# Oak-Park style table questions



## username1 (Jul 12, 2017)

Getting ready to build a very basic Router Table similar to what they use on TRW.

The fences they use appear to be some sort of PTFE...? But when I check suppliers, that stuff is expen$ive.

1) Seems to me that maybe some PVC molding boards might work as well as the PTFE, and MUCH less expensive. Any opinions?

2) As far as building a square Router Base, mostly so I can drop it into a cutout in the table top, what type of plastic would use use? Again, I looked at the price of Phenolic sheet, and it ain't cheap. I assume that acrylic would work as well?

??


----------



## hawkeye10 (Jul 28, 2015)

Art take a known straight edge to a wood working store in your area and see what is straight and what isn't. I bet the only thing you will dead flat is an aluminum plate. They ain't cheap either. We all wish good wood working tools and accessories were cheap but they aren't. :crying:


----------



## username1 (Jul 12, 2017)

I know what you are saying, but not sure how PVC would be any less straight than PTFE? But I will definitely take a straight edge to make sure before I buy.

And aren't there a number of folks on this forum who have used acrylic to make a base? 

I believe that somewhere in my junk pile I have some 3/16" Lexan. I would think that would work.

As far as lumber, well these days I think you are darn lucky to find _anything_ straight.


----------



## Mike (Nov 22, 2004)

Art, the Oak Park fences are HDPE and their plates were a phenolic I have been unable to find. PVC boards for the fences would most likely work. No to acrylic for a mounting plate... it will sag. The best solution I have found is the very inexpensive Grizzly mounting plate. You should spend the money for Baltic birch plywood, it is very stable with no voids. There are Sticky threads with the dimensions for my economy table and converting C clamps.

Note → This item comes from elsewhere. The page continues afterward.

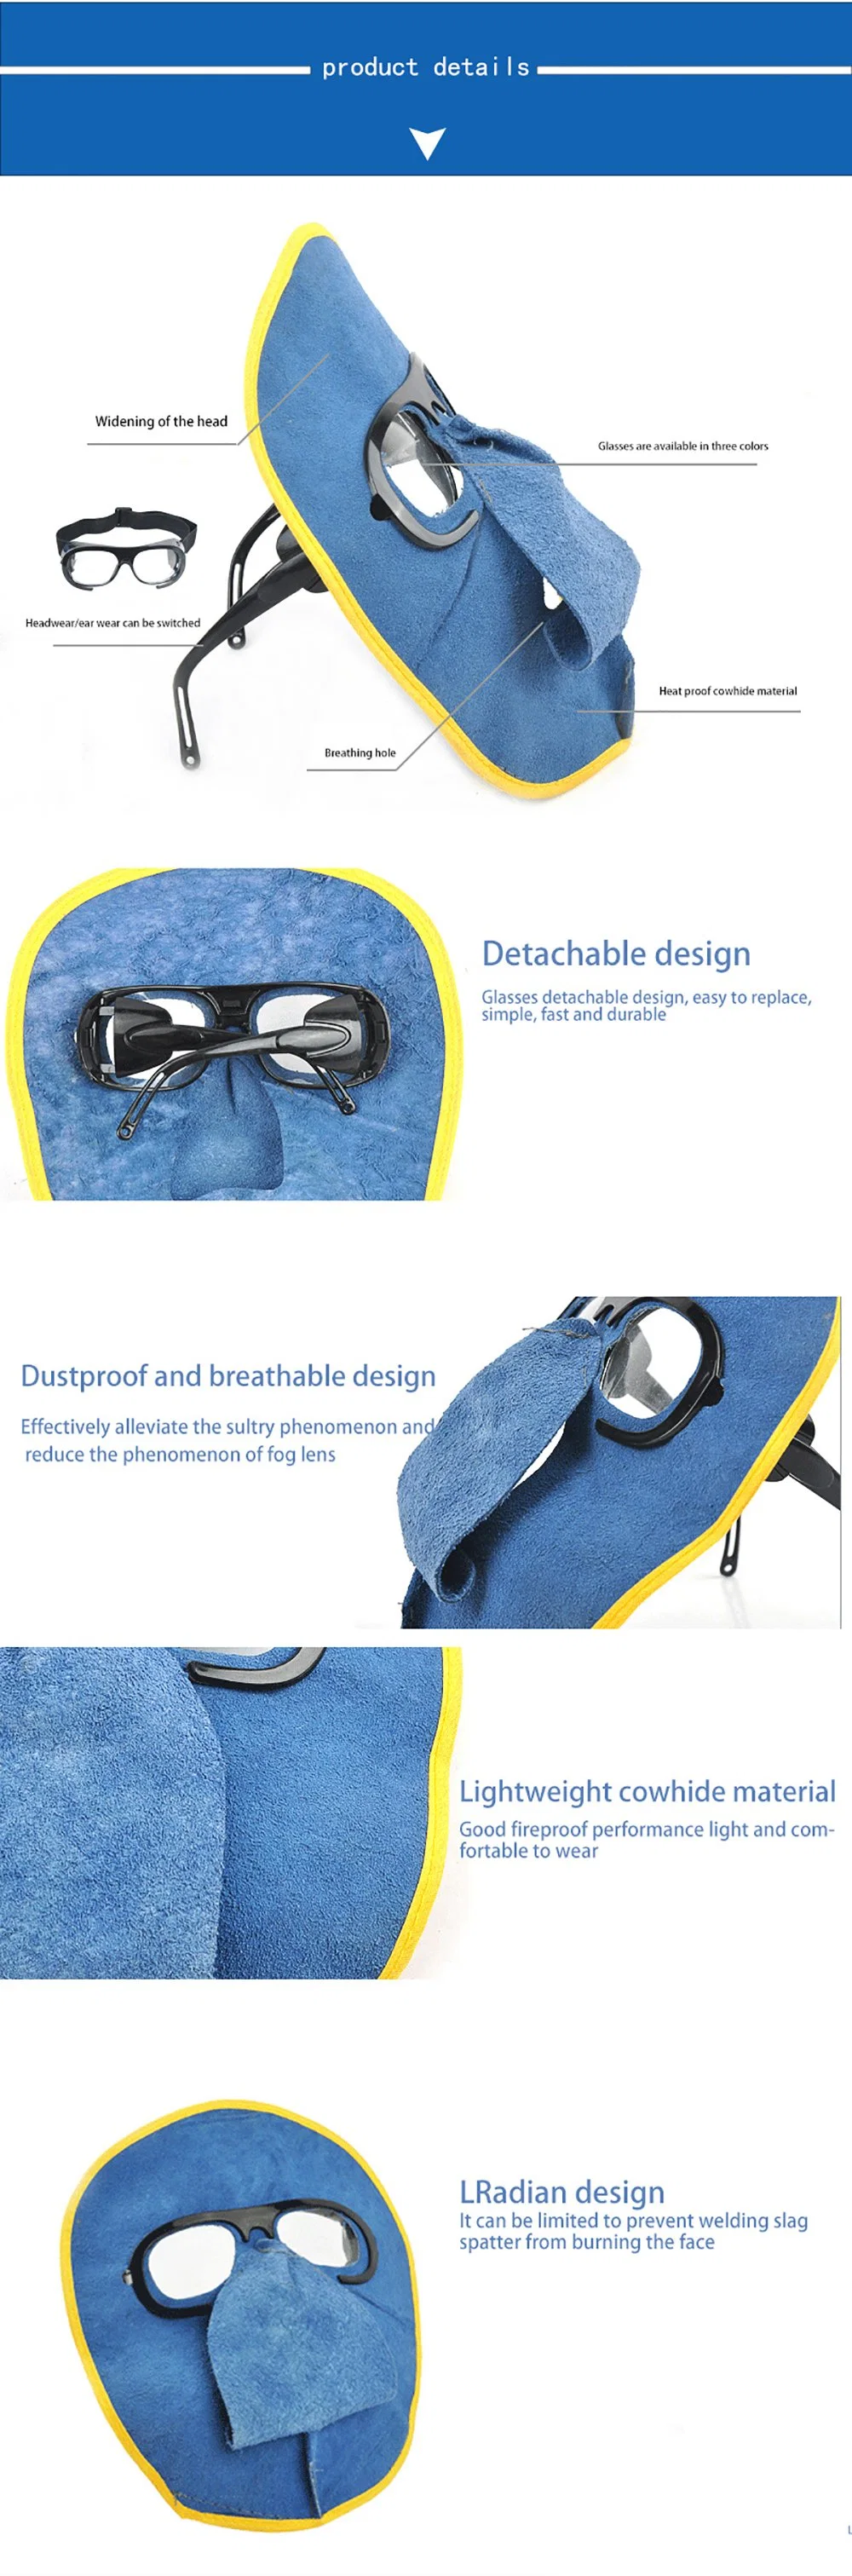 Leather Welding Protective Mask for Portable Detachable Glasses

Moderator BrianS looks so serious rounding over the edge on that top.


----------



## username1 (Jul 12, 2017)

Mike - I bookmarked your Economy Table thread and will definitely refer to it.

Re: the Grizzly mounting plate, Does it replace the stock router base? I am hoping to use a square plate mounted to the Router, so I can use it freehand or drop it in quickly and use it as a table Router, like on TRW. Looks like a great deal.


----------



## TWheels (May 26, 2006)

For what it's worth, MLCS offers square (approx 11 3/4 in, 30 cm square) in both 1/4 in an 3/8 in thicknesses. these These can be easily cut to size. The 3/8 in thick plates can be purchased, for additional price, with pre drilled center holes. 
https://www.mlcswoodworking.com/shopsite_sc/store/html/smarthtml/pages/routacc1.html#Super_Tuff_Anchor


----------



## Mike (Nov 22, 2004)

Art, the Grizzly plate replaces the black or clear sub base plate on your router. Before you remove it I highly recommend that you buy a Rousseau centering kit which includes the centering pin, disk longer mounting screws and transfer screws to fit your router.(Woodcraft for this kit) Infinity offers a similar kit minus the centering screws which you can find at any good hardware store. The two Bosch centering cones are actually identical; the pin can be reversed. I have two on hand so I don't need to reverse them. DeWalt also offers a centering cone with a much smaller diameter and I do not recommend it.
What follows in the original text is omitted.